Le rapport de stage semble comporter un enjeu de reconnaissance personnelle lors de la relecture du document. « Ce matin j'ai dit à mes collègues "Ah, j'ai dû relire un de mes rapports de stage, wouahh, je suis vachement intelligente !". Moi, quand je lis ça, je me dis,

"Wouah !". Enfin, ça fait quand même, il me semble qu'il est bien écrit, enfin, par rapport à la personne, que je suis, assez Olé Olé » (9, 287-290). Avec le recul, elle voit ce rapport comme une œuvre qu’elle a produit durant sa vie et dont elle peut être fière, tout comme un architecte peut être fier de ses grandes réalisations. « C’est une sacrée valorisation encore aujourd’hui, mais qui n’est pas la même qu’en écrivant » (18, 710-711).

Clôture du stage

Pour Aline, le rapport de stage permet de clôturer le stage et de le garder en mémoire. « Y a beaucoup de gens qui ont une boîte à souvenirs où ils ont tous les trucs de leur enfance […], ils mettent tout dedans, puis après ils mettent un nœud pour le fermer.

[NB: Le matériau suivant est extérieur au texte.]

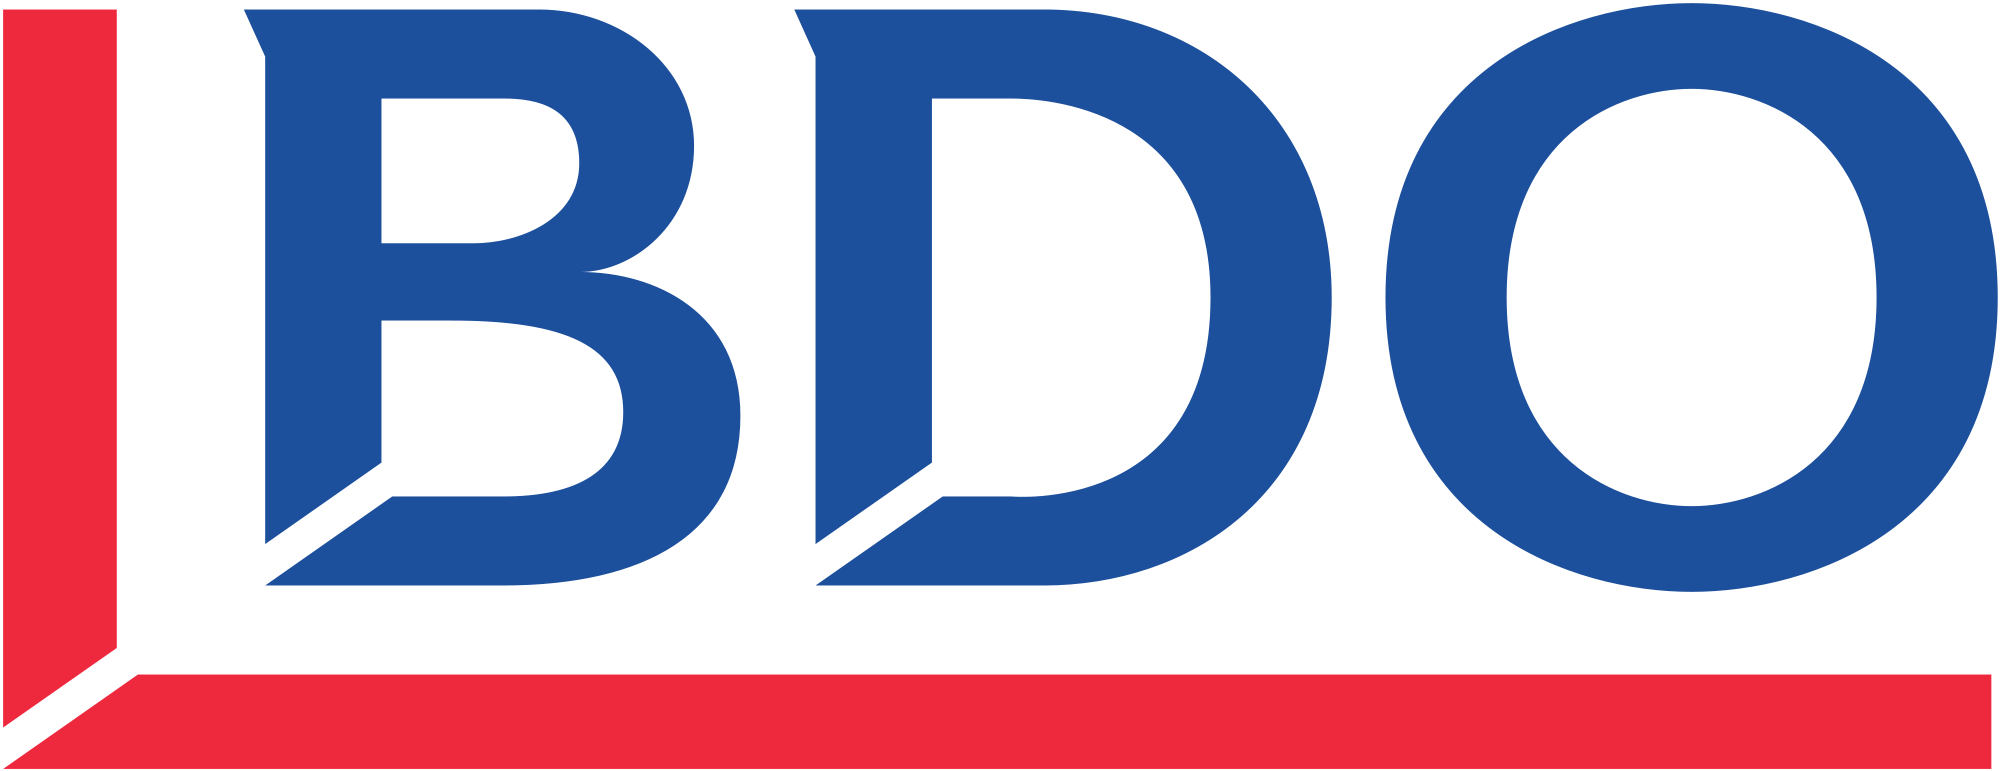 2000px-BDO_Deutsche_Warentreuhand_Logo_svg.png

Puis j'ai l'impression que le rapport c'est ce qui, je fais mon nœud puis voilà, le stage il est fini, il m'a appris beaucoup, c'est toujours là, je peux toujours aller rechercher les choses dans ce que j'ai vécu et ce que j'ai appris, mais j'ai mis le nœud, et puis les choses qui m'ont fait trop mal, les choses que je veux pas, ben je peux les laisser » (18, 738-744). Le début du stage est marqué par la préparation du stage, l’appréhension de l’inconnu (« Moi je déteste l’inconnu », 14, 509), puis vient la prise de connaissance avec le lieu, le vécu de stage que le journal de bord accompagne (« Le journal de bord, il met des points, des jalons dans le processus qu'on fait

sur le stage », 18, 744-745). Et finalement, « on doit partir » (14, 513). Le rapport de stage sert donc à accompagner cette expérience particulière. « Le statut de stagiaire, c’est sacrément quelque chose […] se plonger dedans, puis repartir. Faire les choses en se disant, de toute manière dans trois mois les enfants, ils se souviennent plus de moi » (18-19, 746-748). A la rédaction du rapport, elle n’avait pas pris conscience de cette fonction essentielle du rapport de stage. « C'est pas une partie de plaisir, et puis je le fais parce qu'il faut hein.

Mais, en même temps, cette idée que la boucle est bouclée, je le vois maintenant. Je l'aurais pas dit l'année passée. Non, c'est bien de faire le rapport » (19, 750-752). On le voit, la position de stagiaire est une position complexe, qui génère de l’inconfort identitaire. Inconfort que le rapport de stage peut aider à accompagner.